Question 4.10: Relating the Mass of a Product to the Volume and Molarity of......
Relating the Mass of a Product to the Volume and Molarity of a Reactant Solution
A 25.00 mL pipetful of 0.250 M K_{2}CrO_{4} is added to an excess of AgNO_{3}(aq). What mass of Ag_{2}CrO_{4} will precipitate from the solution?

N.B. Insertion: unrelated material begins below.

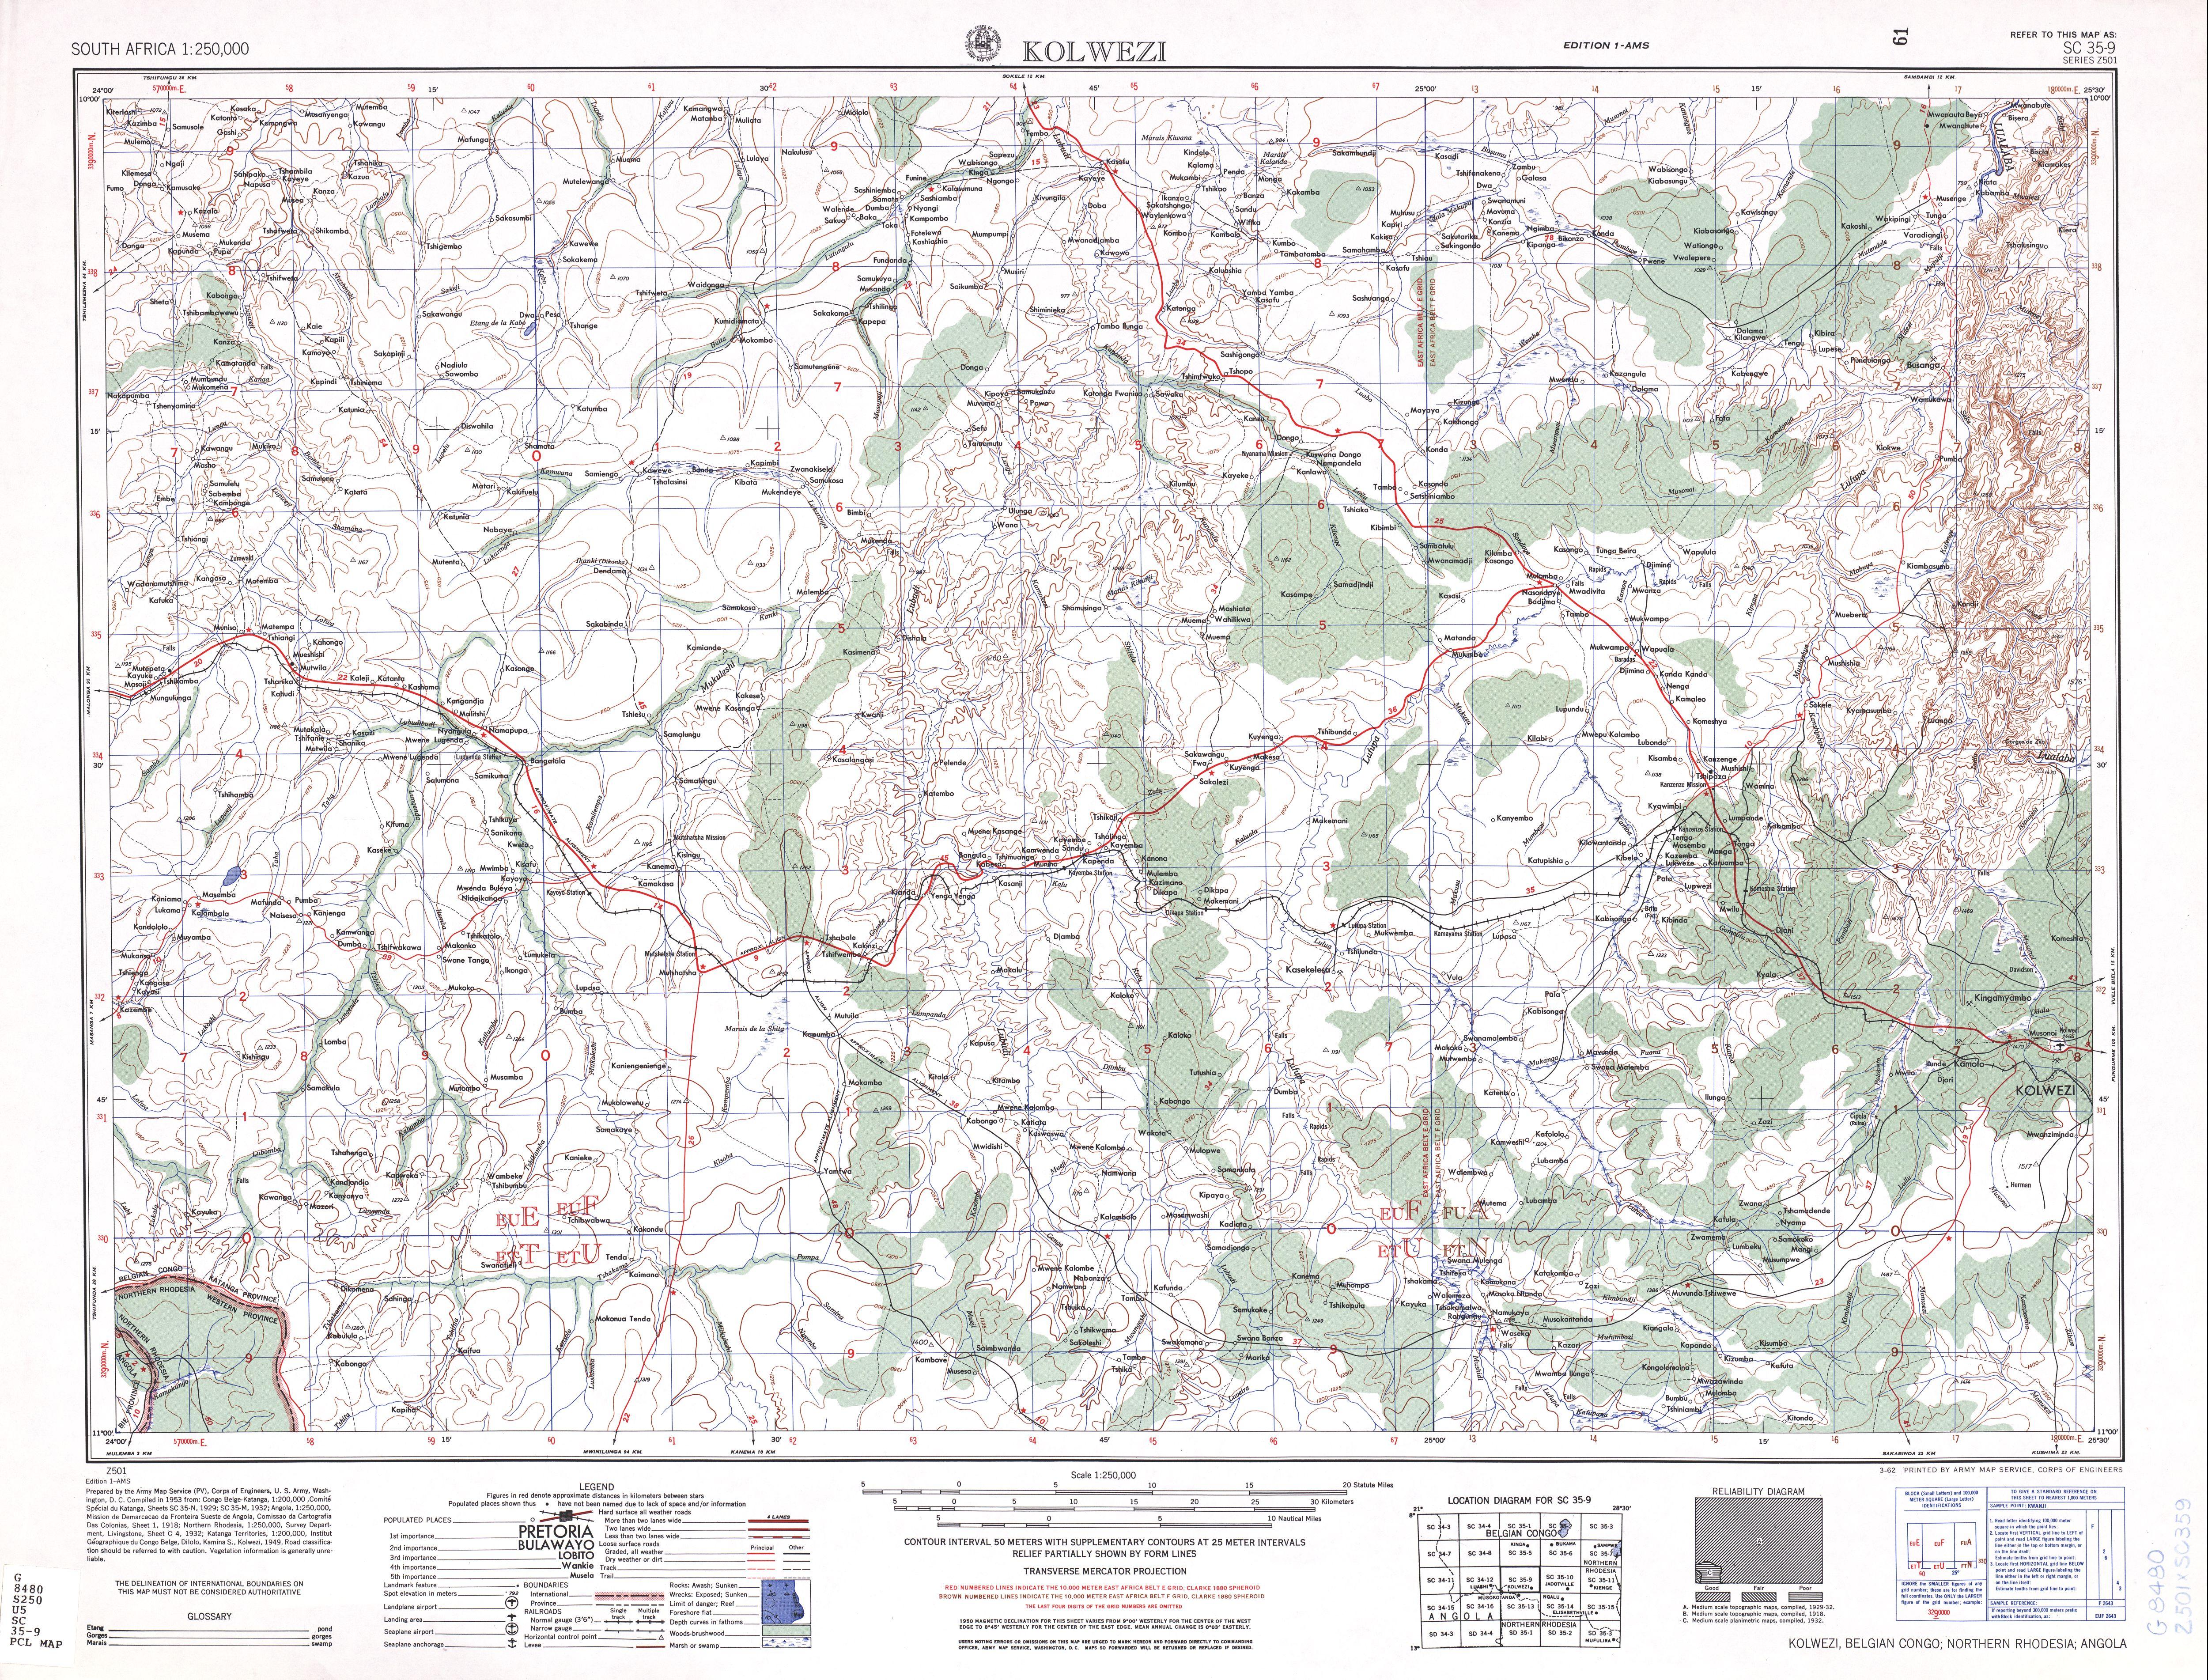 Hoja Kolwezi del Mapa Topográfico de África Meridional 1954
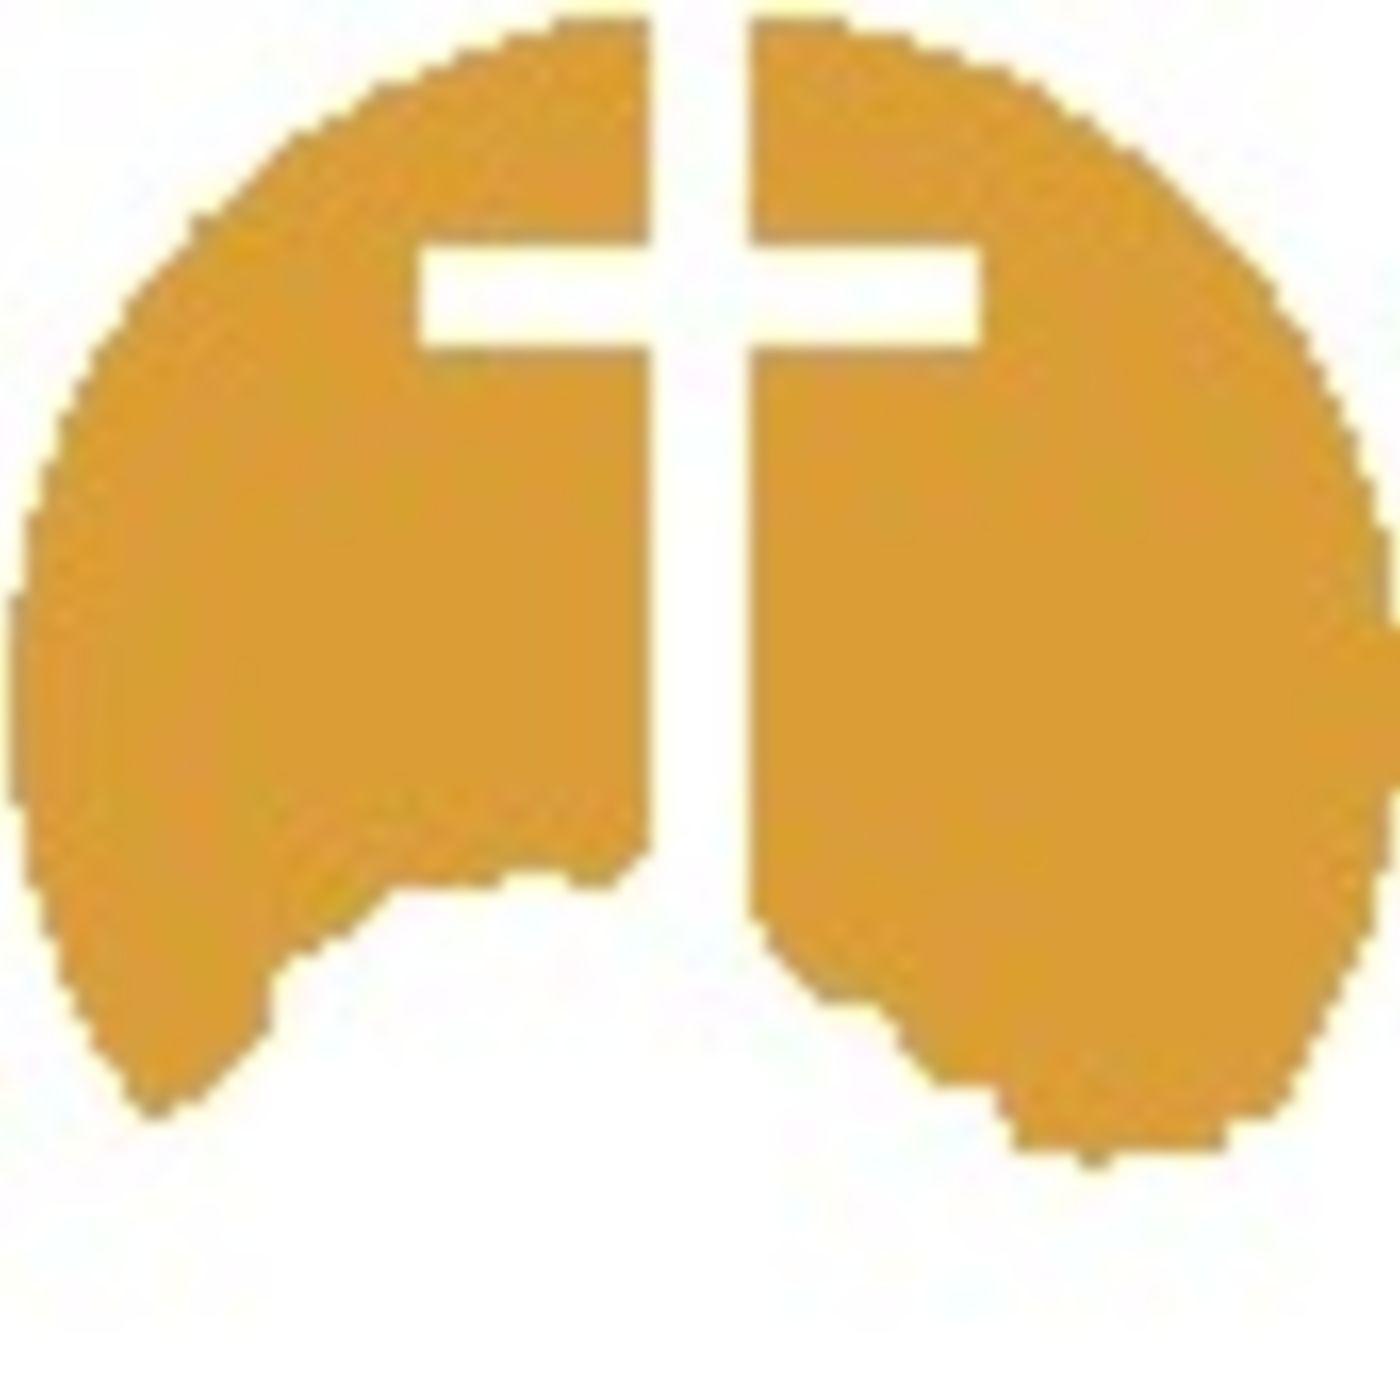 The Purpose, Pillars, & Foundation of KBC - The Pillars - Part 4: Passionate Worship of Christ

K_{2}CrO_{4}(aq) + 2 AgNO_{3}(aq) → Ag_{2}CrO_{4}(s) + 2 KNO_{3}(aq)
Analyze
The fact that an excess of AgNO_{3}(aq) is used tells us that all of the K_{2}CrO_{4} in the 25.00 mL sample of K_{2}CrO_{4}(aq) is consumed. The calculation begins with a volume of 25.00 mL and ends with a mass of Ag_{2}CrO_{4} expressed in grams. The conversion pathway is mL soln → L soln → mol K_{2}CrO_{4} → mol Ag_{2}CrO_{4} → g Ag_{2}CrO_{4}.
Solve
Let’s solve this problem by using a stepwise approach.
Convert the volume of K_{2}CrO_{4}(aq) from milliliters to liters, and then use molarity as a conversion factor between volume of solution and moles of solute (as in Example 4-9). ? mol K_{2}CrO_{4} = 25.00 mL × \frac{1 L}{1000 mL} × \frac{0.250 mol K_{2}CrO_{4}}{1 L}
= 6.25 × 10^{−3} mol K_{2}CrO_{4}
Use a stoichiometric factor from the equation to convert from moles of K_{2}CrO_{4} to moles of Ag_{2}CrO_{4}. ? mol Ag_{2}CrO_{4} = 6.25 × 10^{−3} mol K_{2}CrO_{4} × \frac{1 mol Ag_{2}CrO_{4}}{1 mol K_{2}CrO_{4}}
= 6.25 × 10^{−3} mol Ag_{2}CrO_{4}
Use the molar mass to convert from moles to grams of Ag_{2}CrO_{4}. ? g Ag_{2}CrO_{4} = 6.25 × 10^{−3} mol Ag_{2}CrO_{4} × \frac{331.7 g Ag_{2}CrO_{4}}{1 mol Ag_{2}CrO_{4}}
= 2.07 g Ag_{2}CrO_{4}
The same final answer can be obtained more directly by combining the steps into a single line calculation.
? g Ag_{2}CrO_{4} = 25.00 mL × \frac{1 L}{1000 mL} × \frac{0.250 mol K_{2}CrO_{4}}{1 L} × \frac{1 mol Ag_{2}CrO_{4}}{1 mol K_{2}CrO_{4}} × \frac{331.7 g Ag_{2}CrO_{4}}{1 mol Ag_{2}CrO_{4}}
= 2.07 g Ag_{2}CrO_{4}
Assess
The units work out properly, which is always a good sign. As we have done before, let’s work the problem in reverse and use numbers that are rounded off slightly. A 2 g sample of Ag_{2}CrO_{4} contains 2/332 = 0.006 moles of Ag_{2}CrO_{4}. The number of moles of K_{2}CrO_{4} in the 25 mL sample of the K_{2}CrO_{4} solution is also approximately 0.006 moles; thus, the molarity of the K_{2}CrO_{4} solution is approximately 0.006 mol/0.025 L = 0.24 M. This result is close to the true molarity (0.250 M), and so we can be confident that our answer for the mass of Ag_{2}CrO_{4} is correct.